Reputation: 2749
I have about 130,000 SIFT descriptors. I am building a hierarchical Kmeans-index using Opencv's flann module. After this I want to quantize these 130,000 descriptors (will quantize more later). I am using flann's knnsearch method for doing this. But the result of this method is something weird. For every descriptor the nearest index it is showing is the index of the descriptor itself. However, it should be displaying the cluster-ID of the nearest cluster which will be one of the leaves of the HIK-tree.
Should I try k=2
Here is a code snippet -
int k=1;
cv::flann::KMeansIndexParams indexParams(8,4,cvflann::FLANN_CENTERS_KMEANSPP) ;
cv::flann::Index hik_tree(cluster_data, indexParams);
Mat indices,dist;
hik_tree.knnSearch(cluster_data, indices, dist, k, cv::flann::SearchParams(64));
Upvotes: 0
Views: 1778
Reputation: 169
k-NN is a supervised classification algorithm, that's why you are supposed to construct an Index
object with your training samples, so use
cv::flann::Index hik_tree(samples, indexParams);
instead of
cv::flann::Index hik_tree(cluster_data, indexParams);
Upvotes: 0
Reputation: 8053
knnSearch
is looking for the k-nearest neighbours in the index (it does not give the cluster-ID!). You build your index using cluster_data
, and then you try to match cluster_data
against itself. In this situation, it is not surprising that the closest neighbour to each descriptor is itself...

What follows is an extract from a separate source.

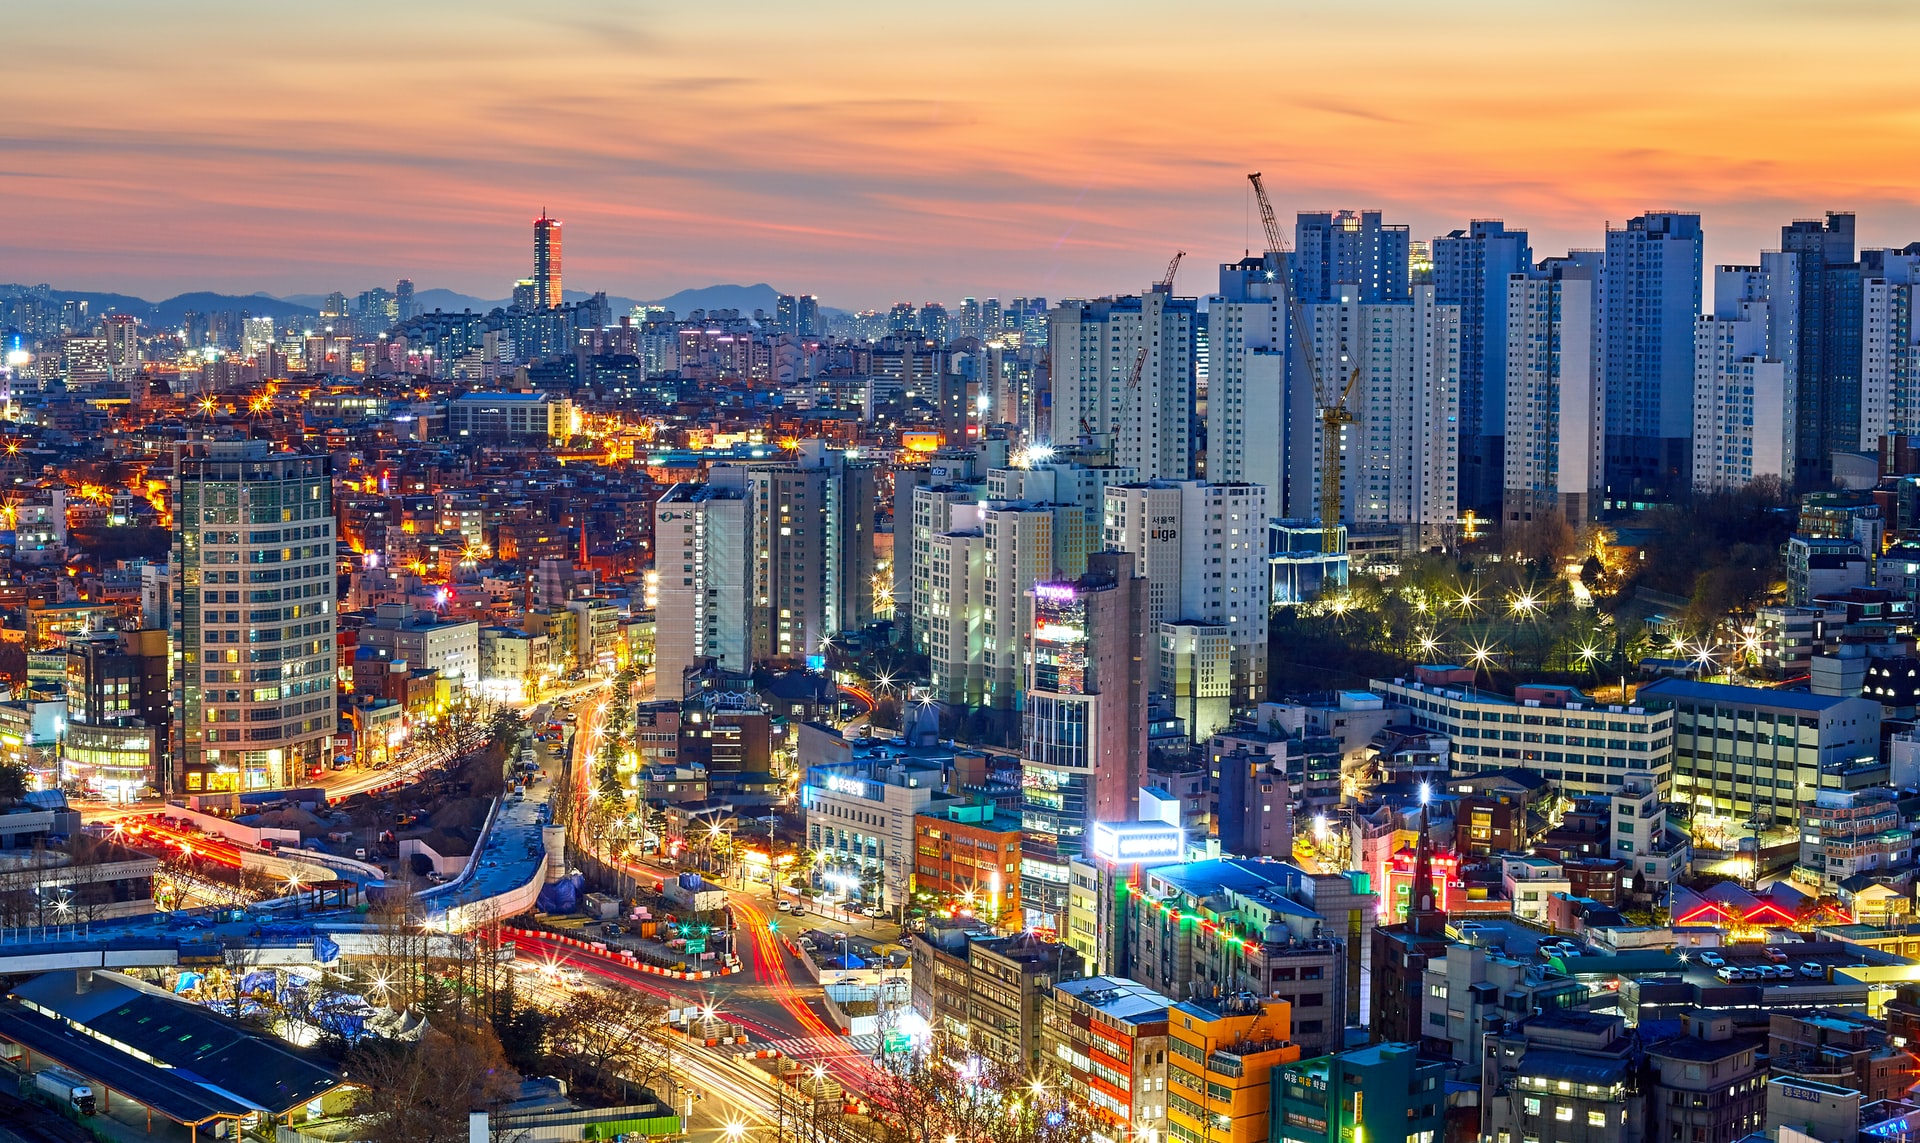 Sindicatos e inovações nas cooperativas de plataforma na Coréia do Sul

EDIT: If you want to get the centers, have a look at this (from the source of the FLANN library):
/**
* Chooses the initial centers using the algorithm proposed in the KMeans++ paper:
* Arthur, David; Vassilvitskii, Sergei - k-means++: The Advantages of Careful Seeding
*/
template <typename Distance>
class KMeansppCenterChooser : public CenterChooser<Distance>
{
...
Upvotes: 2